Bardzo skomplikowana emocjonalnie ta książka. Gdyby nie te dosadne intymne określenia to książka byłaby przystepniejsza.


Karina bardzo podobają mi się Twoje spostrzeżenia. Jak trochę odsapne to wezmę się za dwojke

PostNapisane: 18 stycznia 2019, o 18:11
przez Księżycowa Kawa
Mam wrażenie, że to zdarzenie z Sereną mocno go dobiło (plus jest jeszcze pewne zdarzenie z jego przeszłości), niedługo potem spotkał Dianę i od razu postanowił, że to inaczej rozegra. Nie wyszło.
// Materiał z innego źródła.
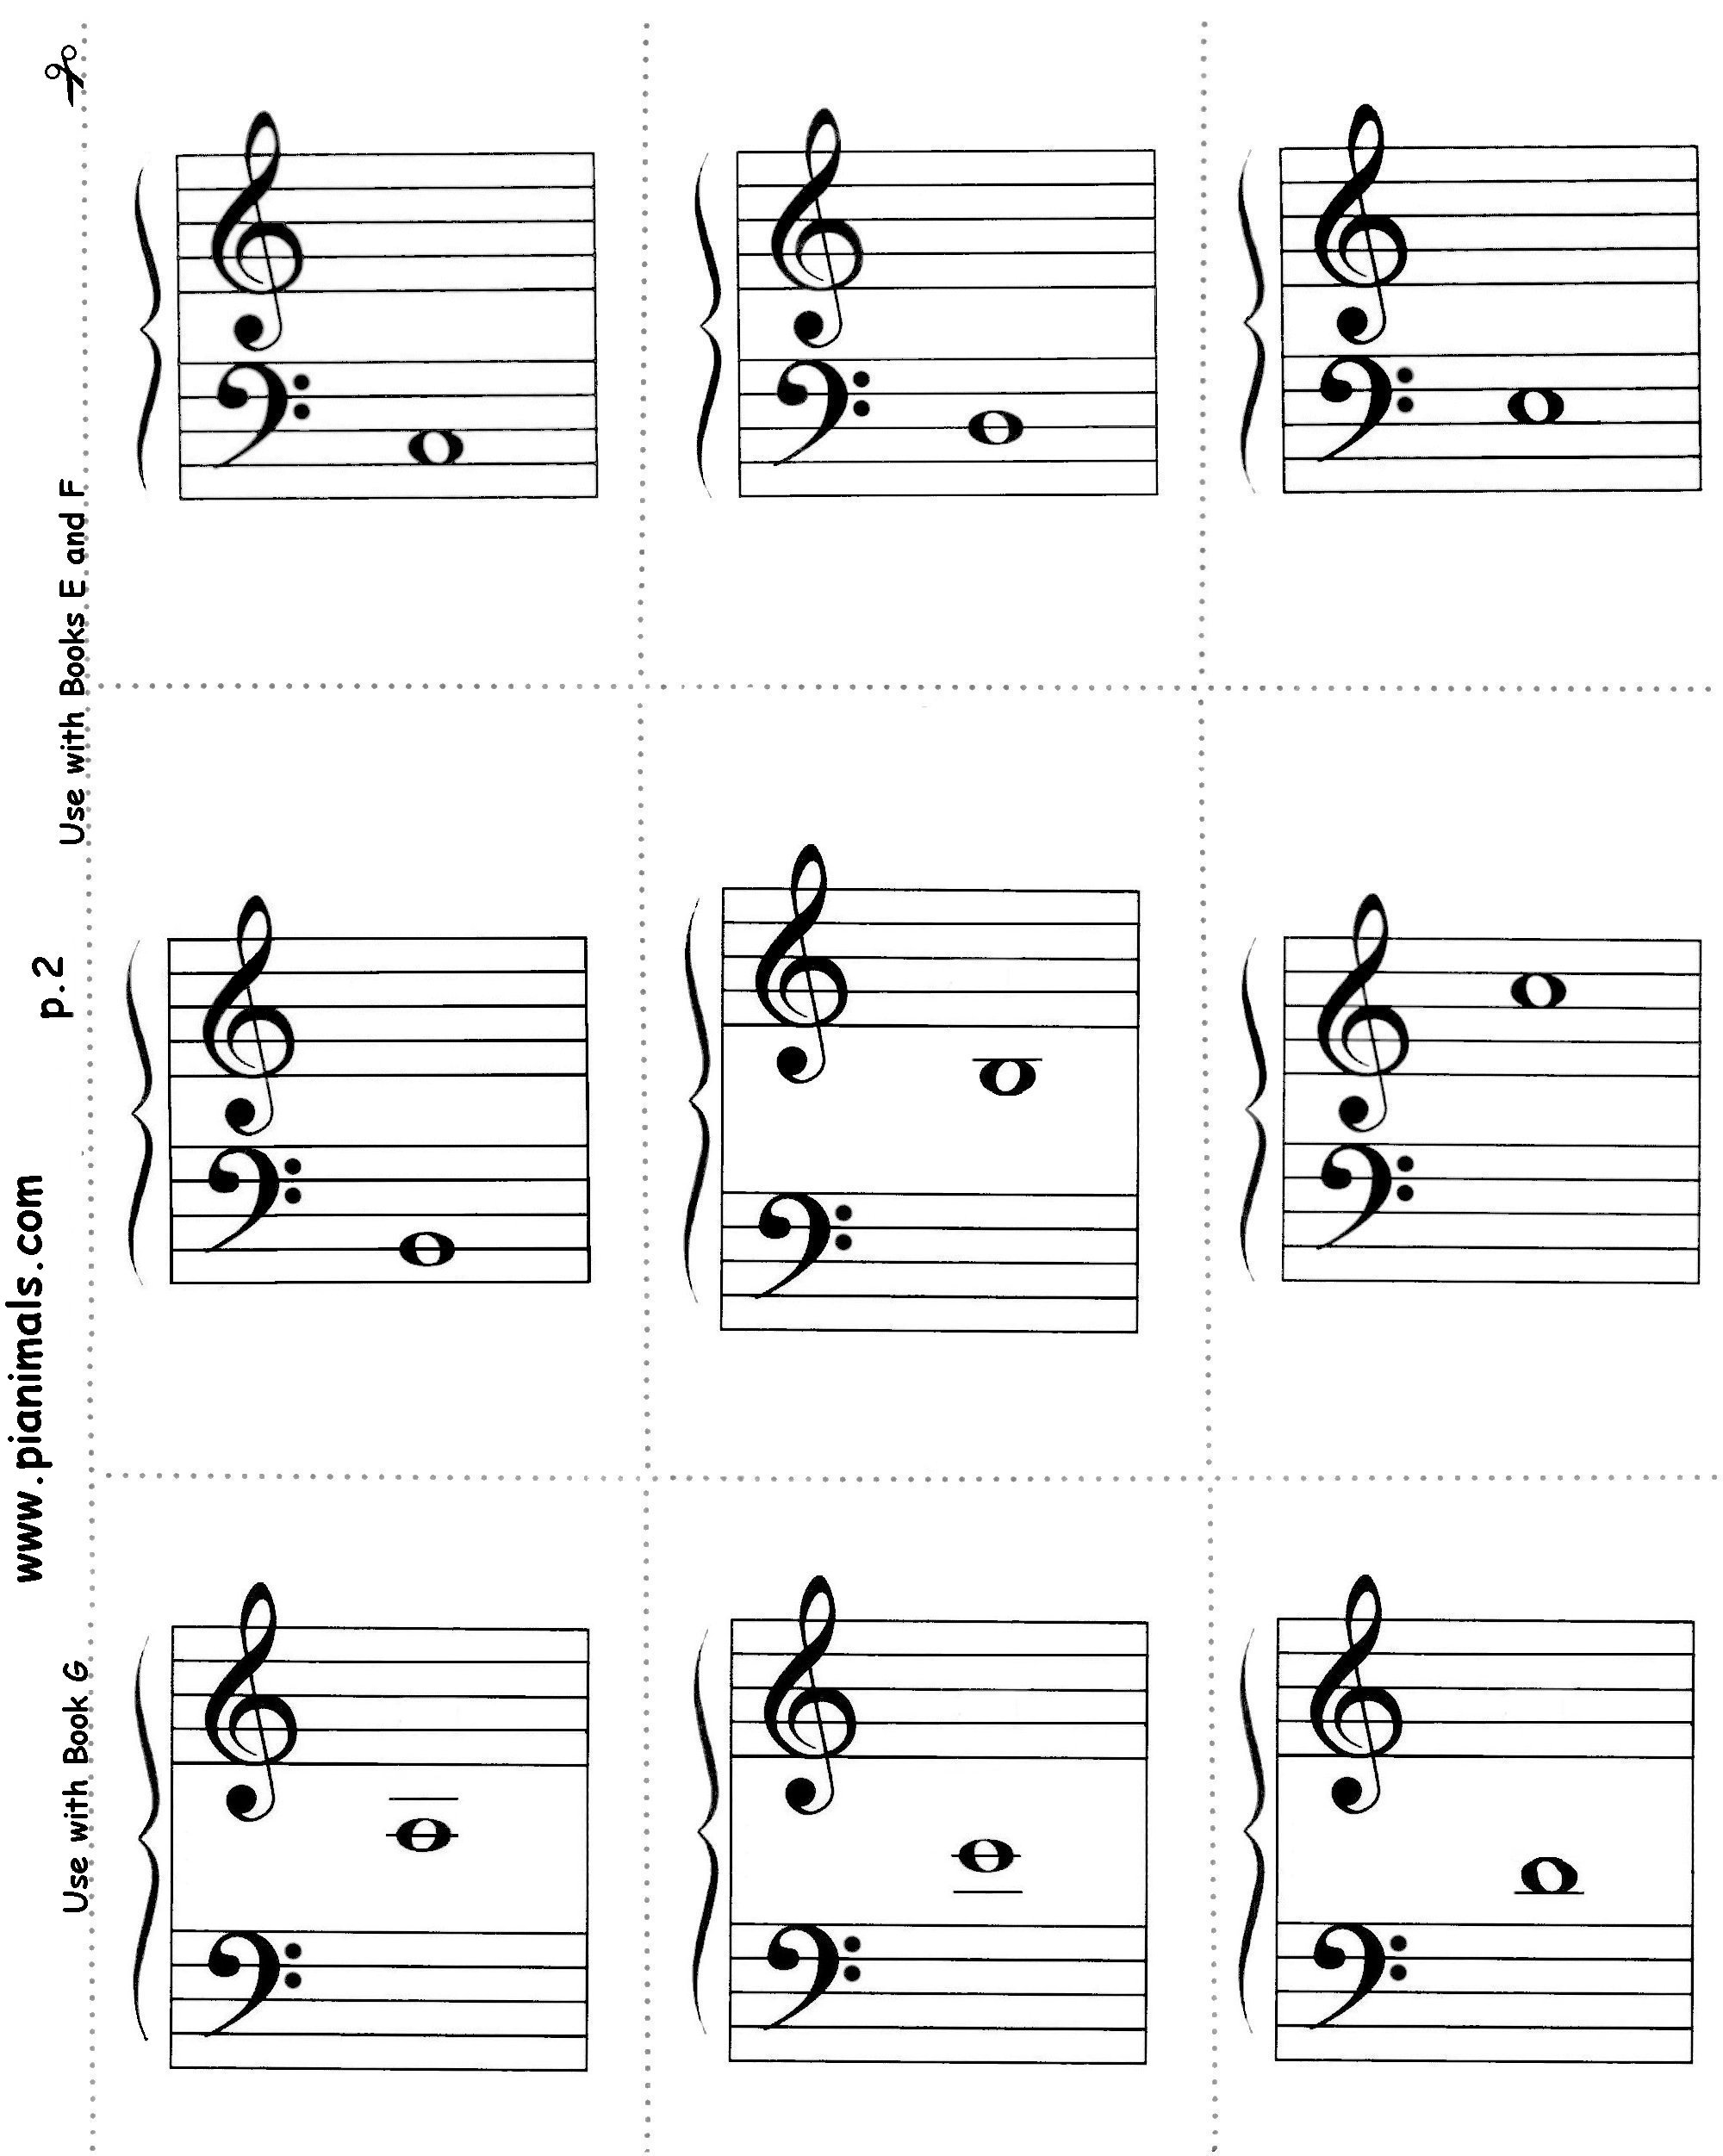 13 Best Images of Printable Music Worksheets Free Printable Music

Wydaje mi się, że uważał, że po trzydziestu dniach mu przejdzie czy jakoś tak. Tyle że wszystko się skomplikowało i Adam zaczął się miotać, a nie radząc sobie z emocjami, zaczął postępować irracjonalnie...

W drugim tomie będzie miała miejsce scena, która niejako podważa, czy Adam to dominujący – z mojego punktu widzenia to mu nie zaszkodziło.

Osobiście uważam, że autorka nieźle swoich bohaterów przeczołgała emocjonalnie.

PostNapisane: 22 stycznia 2019, o 19:45
przez Ancymonek
Ja nadal nie wiem czy się za dwójkę brać. Jestem trochę ciekawa co się tam zdarzy. Może kiedyś, bo póki co nie mam ochoty na "takie" książki.

Kawo, tym zakończeniem w moim stylu mnie trochę kusisz :evillaugh:

Edit: moim zdaniem autorka miała dobry pomysł na książkę i jak na takie erotyczne klimaty stworzyła bardzo realnych i ciekawych bohaterów. Ale myślę, że ten cały pomysł Adama, a potem rezygnacja wyszła trochę sztucznie i na zasadzie "żeby była część druga".

PostNapisane: 22 stycznia 2019, o 21:12
przez Księżycowa Kawa
Akurat z tym się nie zgadzam – nie brzmiało dla mnie to naciąganie. U Reiss często z pozoru proste problemy okazują się skomplikowane, miewają drugie dno.

PostNapisane: 24 stycznia 2019, o 22:09
przez Ancymonek
Przeczytałam tą drugą część (chociaż przyznaję się, że głównie skupiłam sie na dialogach i ciutke pomijałam rozkminek bohaterów) i muszę przyznać, że ta część chyba mi się bardziej podobała :D

Więcej akcji było, nie nudziłam się, sceny erotyczne były ostre ale mimo wszystko nie były przesadzone.
I zakończenie zdecydowanie w moim guście :evillaugh:

Kawo, masz rację, może trochę przesadziłam z tym, że było to naciągane, niemniej autorka pozytywnie mnie zaskoczyła w tej drugiej części. Wszystko się bardziej kupy trzymało :P

PostNapisane: 24 stycznia 2019, o 23:02
przez Księżycowa Kawa
Po prostu mnie ta argumentacja przekonuje. Bohaterzy Reiss zdecydowanie nie są idealni, mają swoje wątpliwości i nie zawsze potrafią się odnaleźć w sytuacji, a mimo to wszystko trzyma się kupy, stanowiąc całość. Coś takiego trafia do mnie.